NOVA VITA. Настольная книга скомороха
NOVA VITA. Настольная книга скомороха

Полная версия

NOVA VITA. Настольная книга скомороха

Настройки чтения
Размер шрифта
Высота строк
Поля
На страницу:
1 из 4

Рустем Тойкин

NOVA VITA. Настольная книга скомороха

КНИГА ПЕРВАЯ Настольная книга скомороха




«Открывающая Нова Вита»


Прикоснись.

К этому храму без Господа.

К этому храму безбожников.

Склонившись в молитве над водником.

Отклонившись антенной от воздуха.

Наконец, приближение – хватай, беги.

Разрешение спросишь потом в пути.

Смехо-истерикой проклятый,

веки солью разъест свои.

Мир к показу готов – узри.

В каменоломне Любви ломают гранит, что пытался постичь, не достиг и жадно зажал между ребрами. Среди стана своих – тихий голос гласит: «мол, так быть нет сил, будто в склепе гасить мертвый груз. Тем временем, Господь требует жертв в обмен на женское тело – кусок от собственной плоти».

Тот же голос, только тоньше и выше, почти что фальцетом, но с ноткой настойчивости: «Пусть она будет напоминанием о том, что во владениях божьего сада, ты – Адам, молил Демиурга о Еве».

Мужчина от Бога, женщина – от мужчины, позже изменившая с Люцифером. Доверие к черту!


Настольная книга скомороха


1

Мир-представление.

Глухо-слепо-немой Президент, замыкающий цепь агентов, несущих в большой кабинет – пакеты весь день, наполненные доверху всем, что питает напряженно пульсирующий импульс сознания.

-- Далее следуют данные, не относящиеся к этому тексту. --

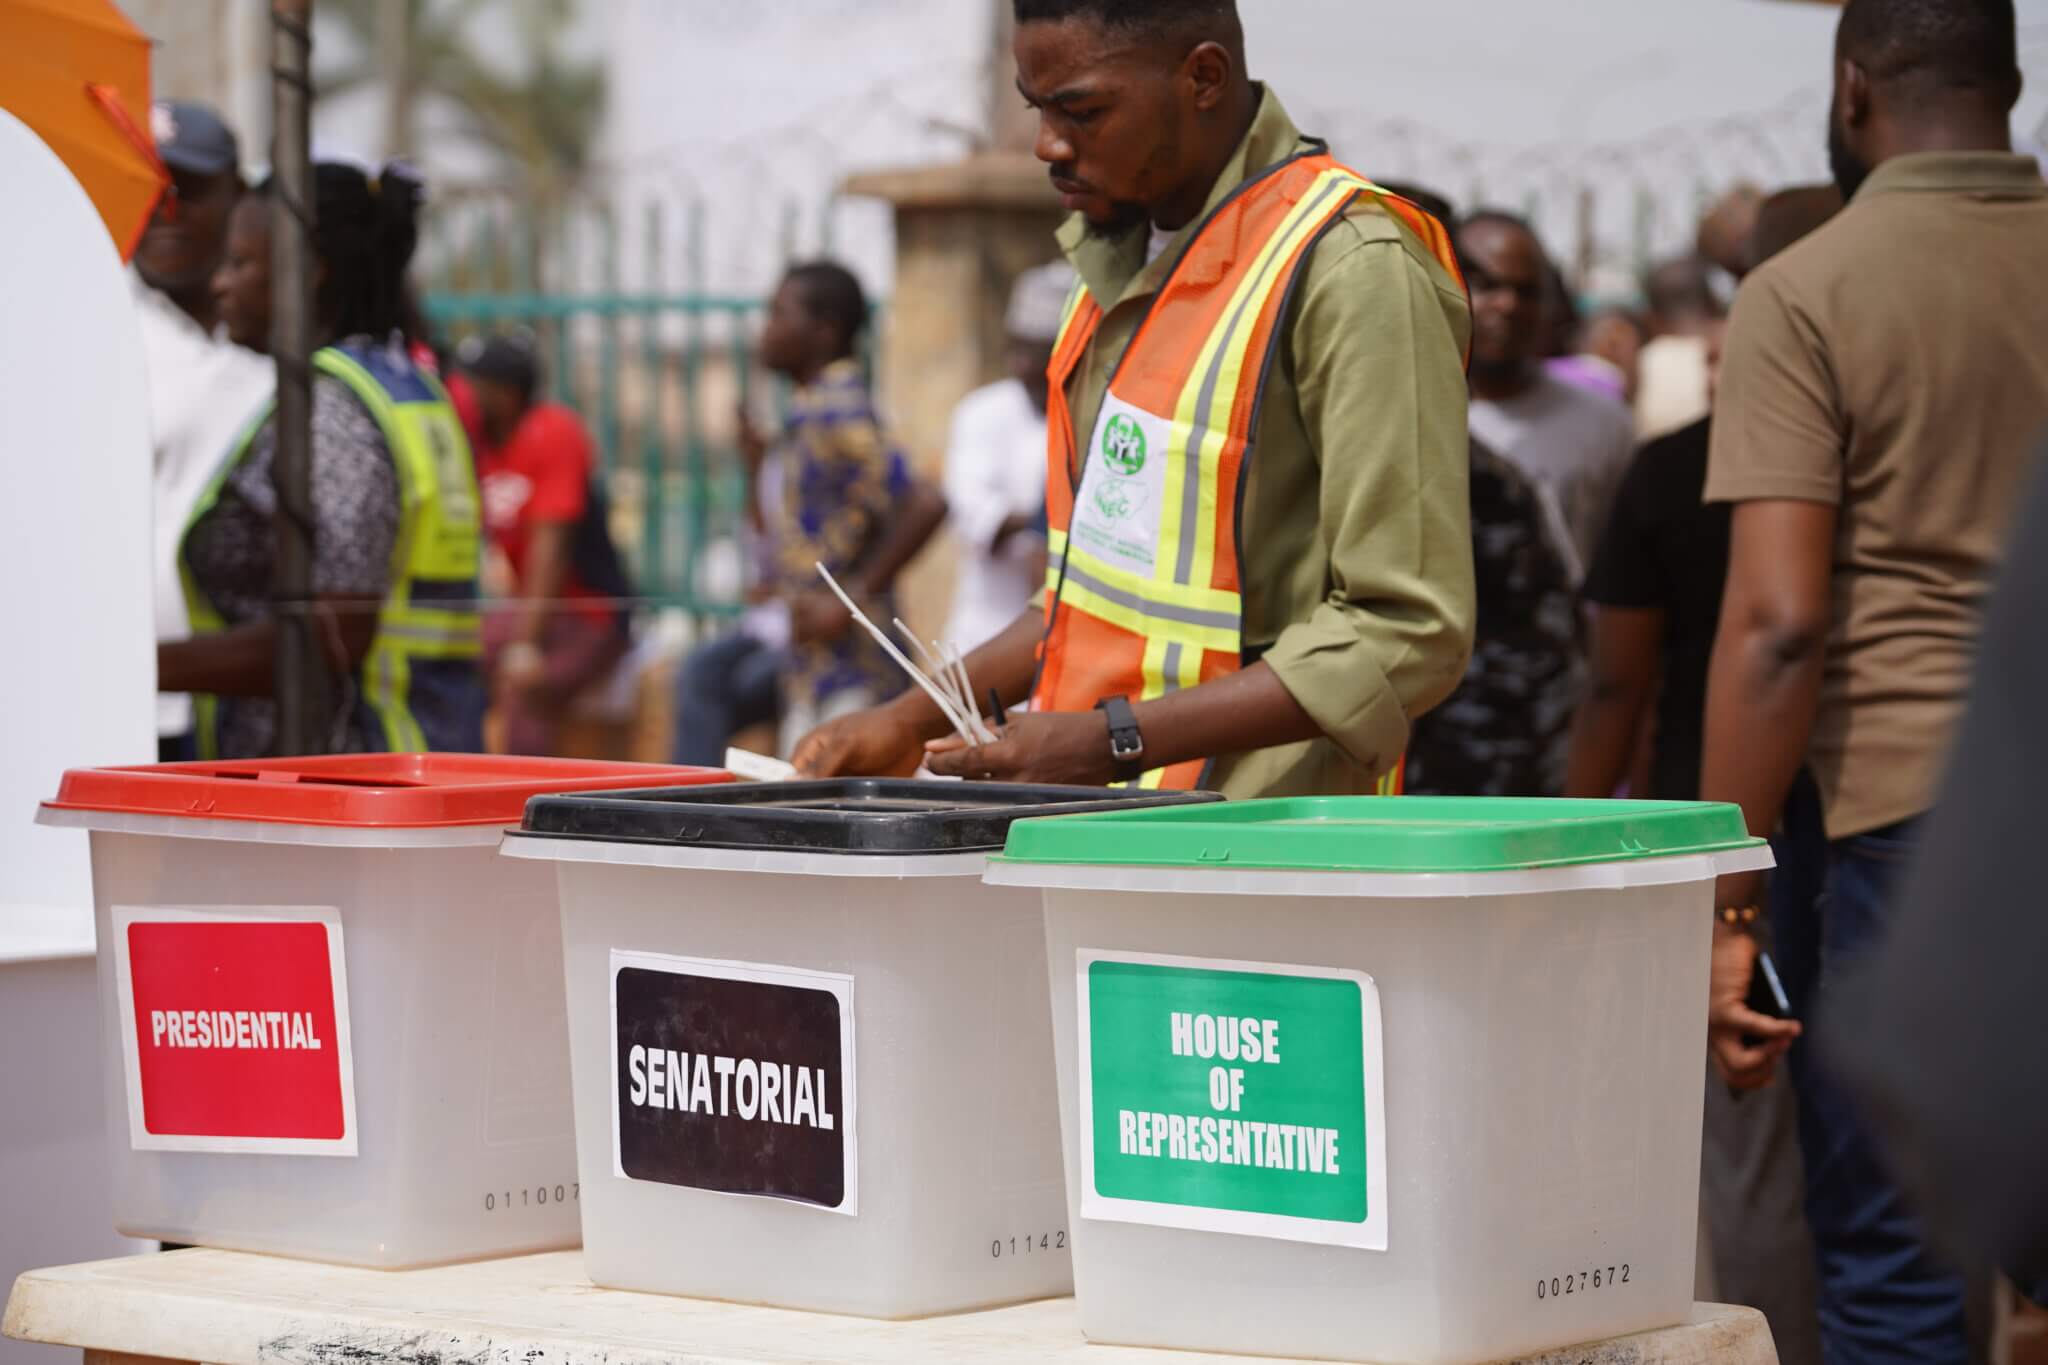 Mensch beim Wählen vor den Urnen in Nigeria

Слишком велик для одного человека и ничтожно мал для власти, что он несет, кабинет заполнялся смиренными в точности фигурами, ползущими по ковру, застывшему грязью роскошных болот на мраморной крошке. И все – что им было велено знать – пакеты нельзя открывать.

И, наконец, кровью сытый тиран, налакавшись до дрем, обретает покой. В нем он блажь и сосуд, главный герой, заботливо окутанный пиджаком, он скрывался от света в тишине надвигающегося ничто.

Только тьма, словно древний родитель, наблюдала его, шепча:

– Будь доволен, сын мой: вдоволь ешь; сладко спи; балуй нас совершенною формой мысли, обращенной в материю бытия; и узри наш поклон. Тот, что не поклонился, оскверненный ссылается во чрево животного страха, воздыхать над могилой гордыни своей.

Эти слова были его колыбелью; усладой, идущей сверху; единственным другом и свидетелем. И даже утешителем: робким, порой осторожным, крадущимся мистиком, тенью и пташкой, таящейся от глаз и поющей издалека. Украшая пребывание Президента в настроенном молчании, отсеченности от мира и мира от него.

Голоса, поднимавшиеся изнутри, он не слышал. Не предназначенные для слуха, они терялись еще на подступах, захлебывались, становились чем-то вроде шума, который легко принять за фон и перестать различать. И Президент перестал.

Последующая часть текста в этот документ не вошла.